## DATA SECTION
[Start of section]
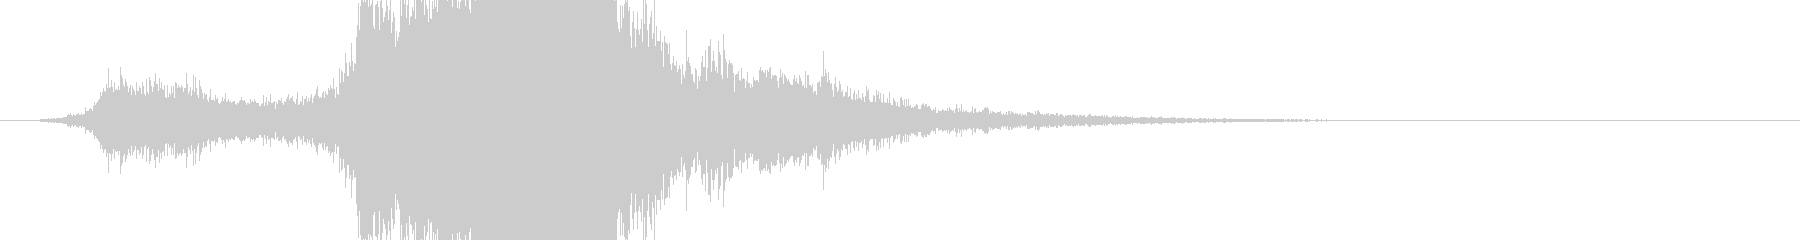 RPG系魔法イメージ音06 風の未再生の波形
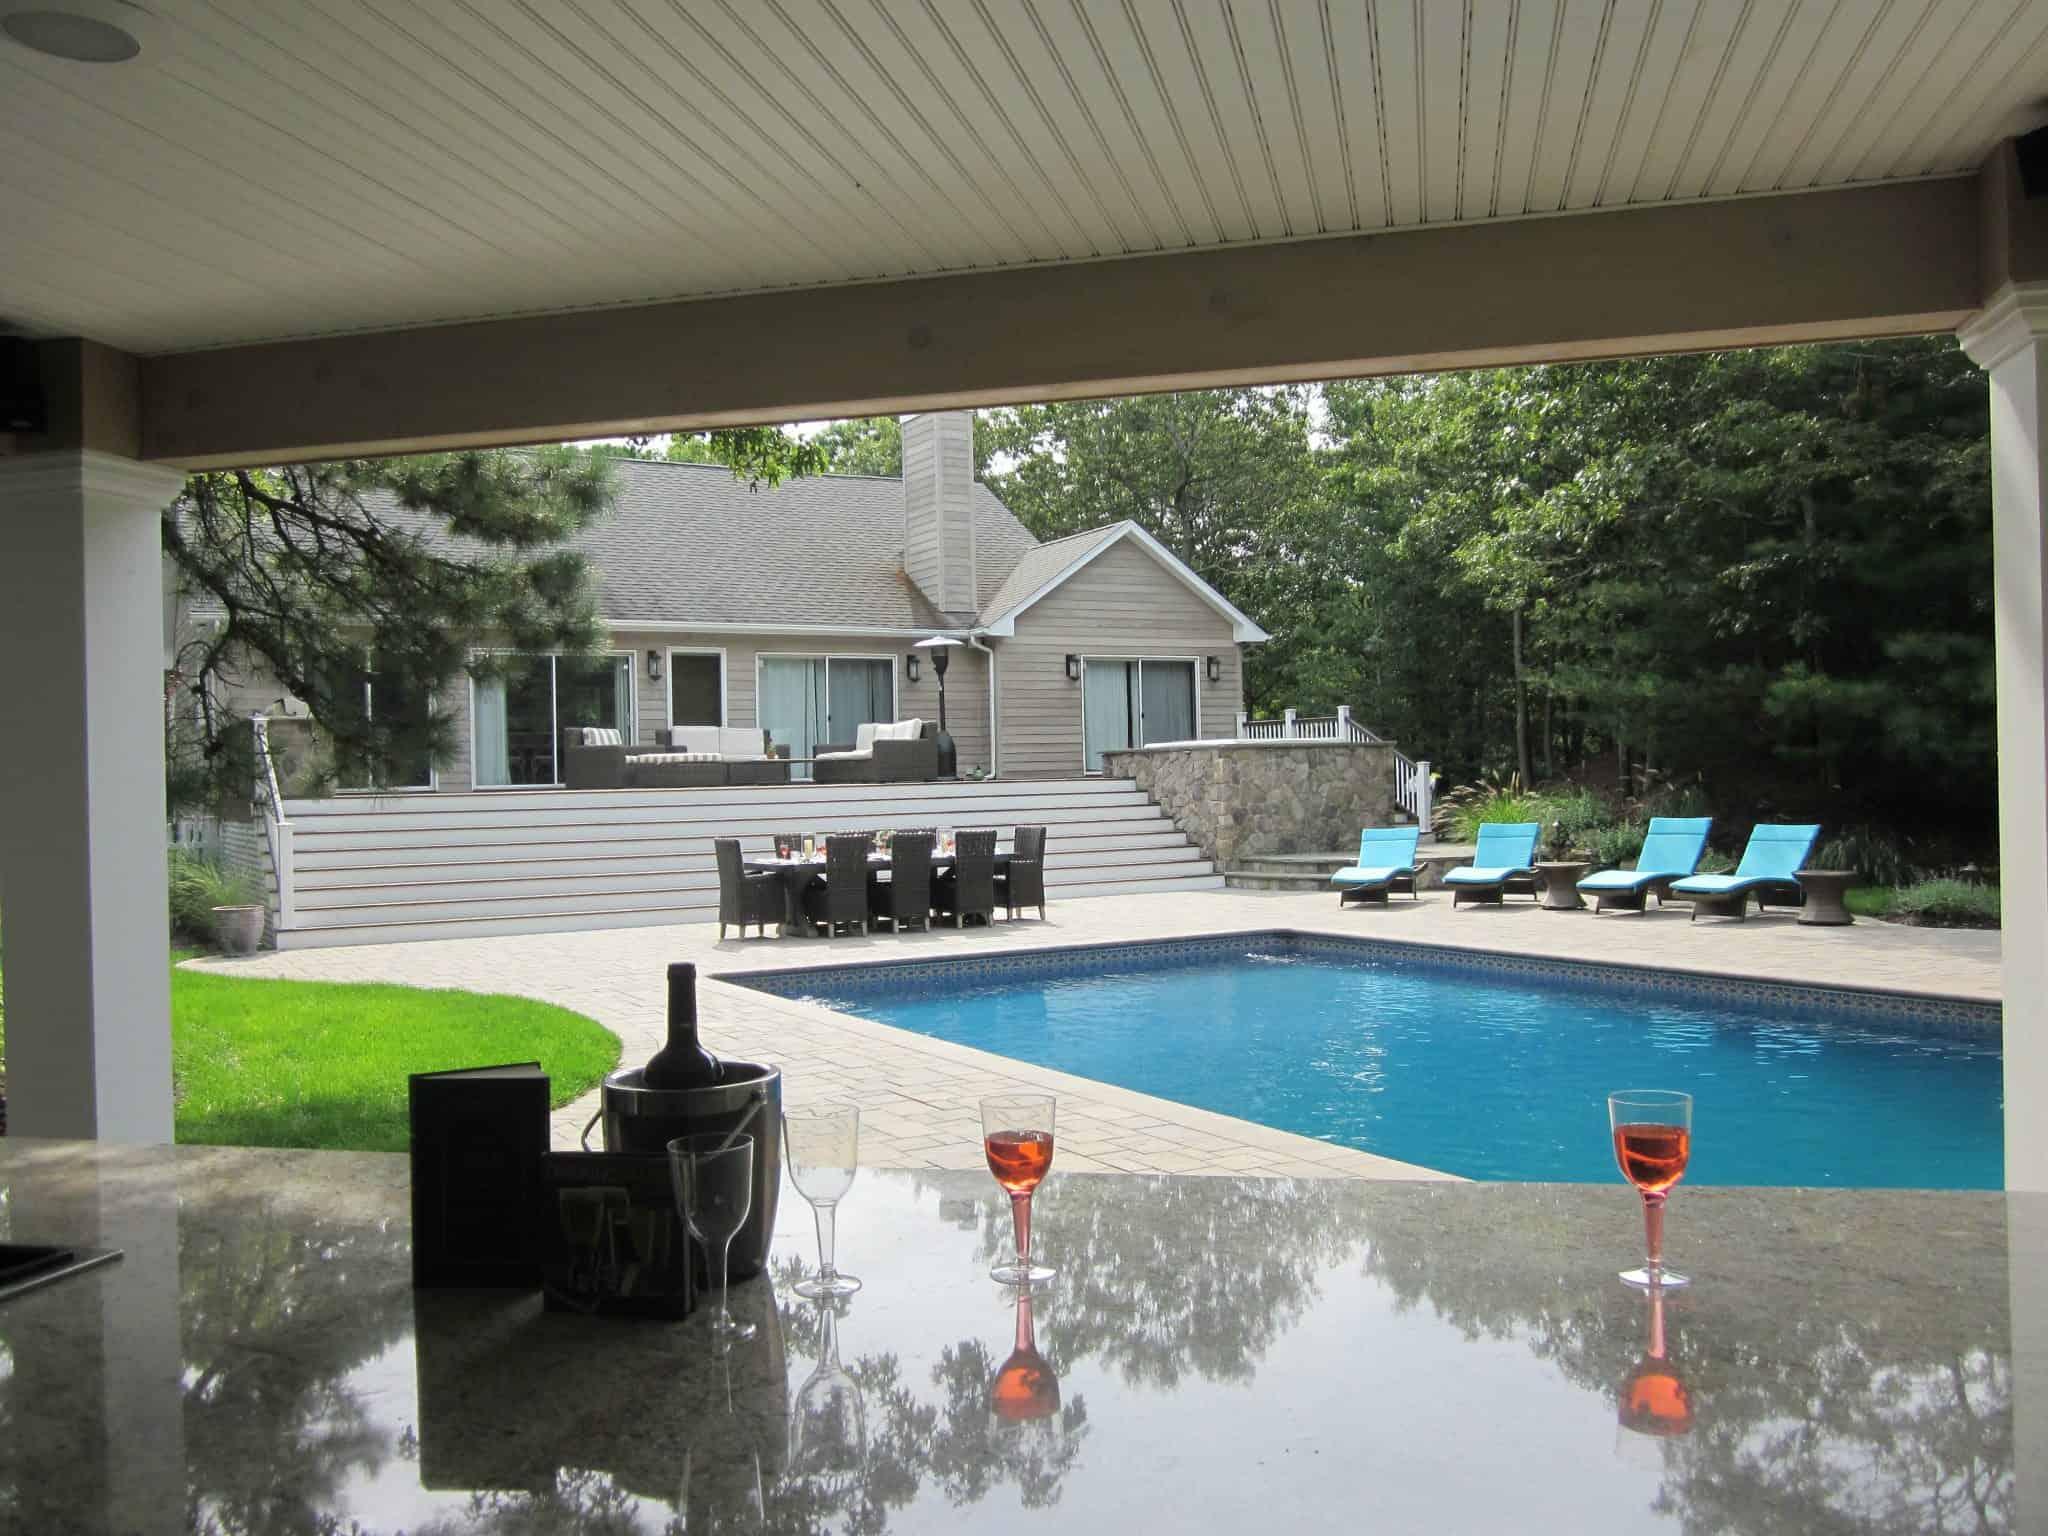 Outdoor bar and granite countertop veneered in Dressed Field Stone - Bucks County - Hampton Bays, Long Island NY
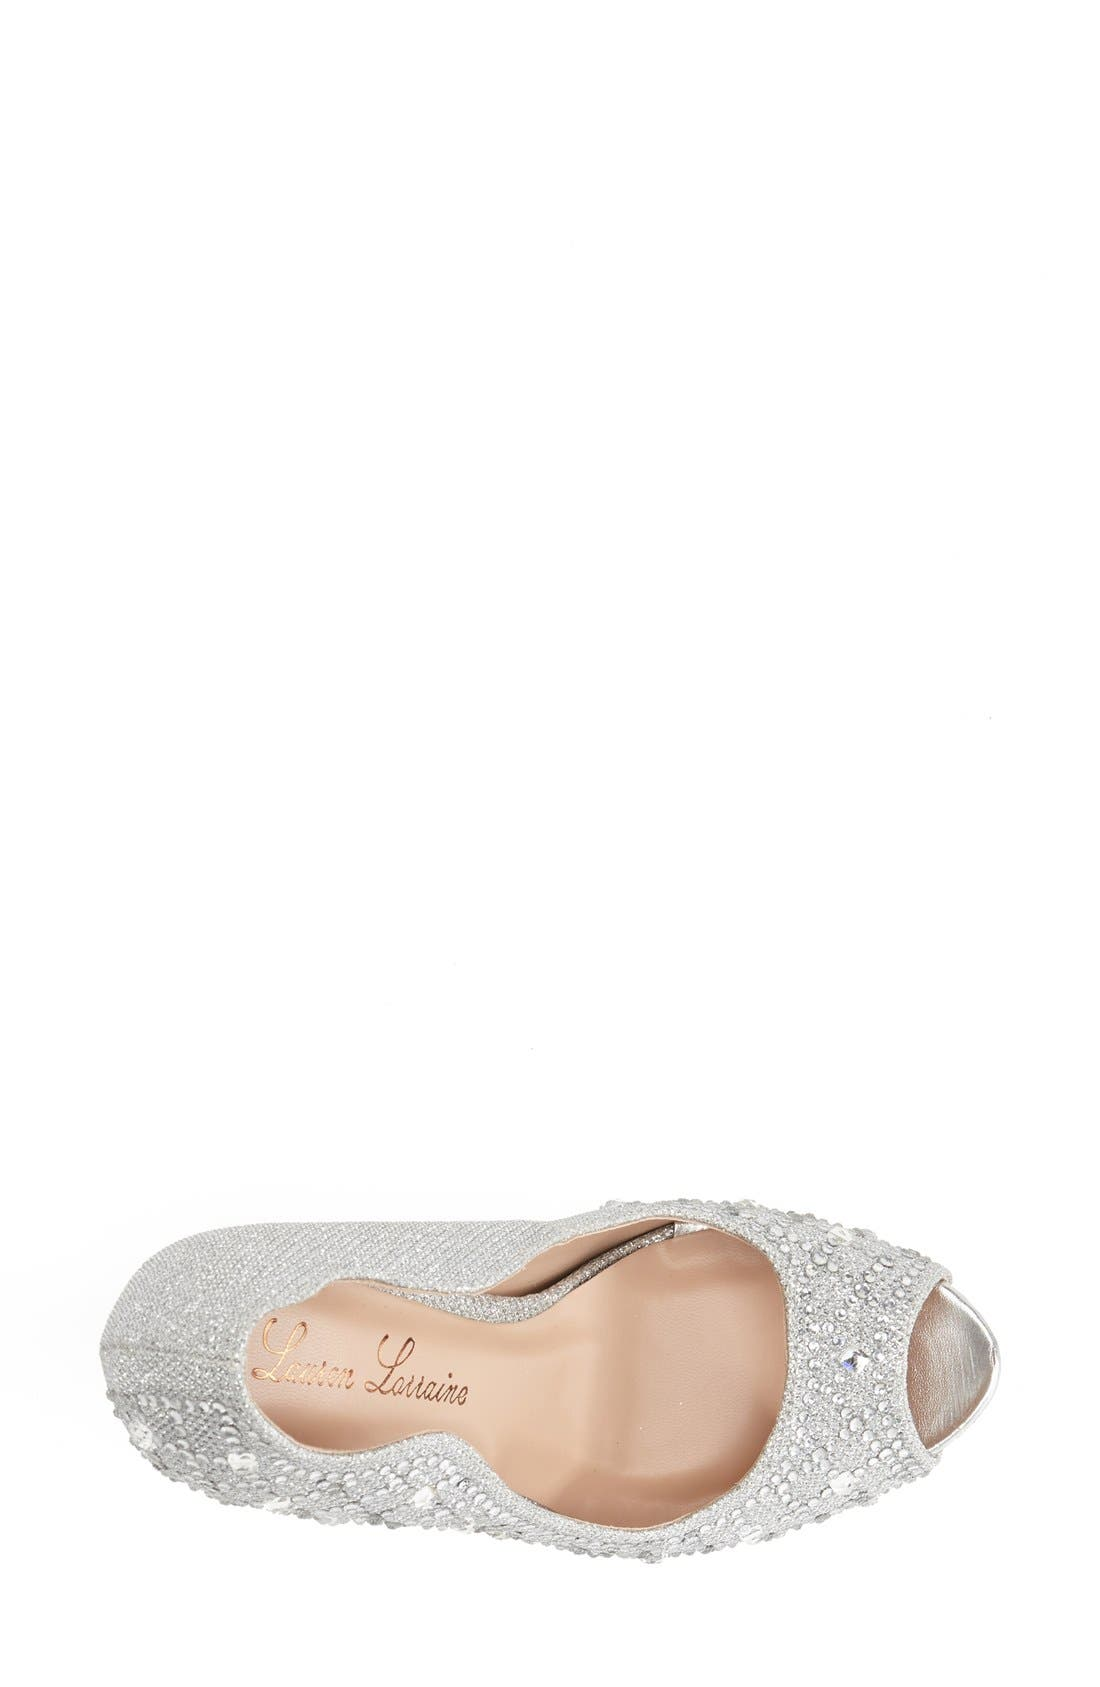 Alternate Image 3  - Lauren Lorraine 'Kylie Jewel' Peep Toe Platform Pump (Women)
[End of section]
## TASK GOAL
Drop the images; restate the listing exactly.

## RESPONSE
 RPG系魔法イメージ音06 風の未再生の波形
 Outdoor bar and granite countertop veneered in Dressed Field Stone - Bucks County - Hampton Bays, Long Island NY
 Alternate Image 3  - Lauren Lorraine 'Kylie Jewel' Peep Toe Platform Pump (Women)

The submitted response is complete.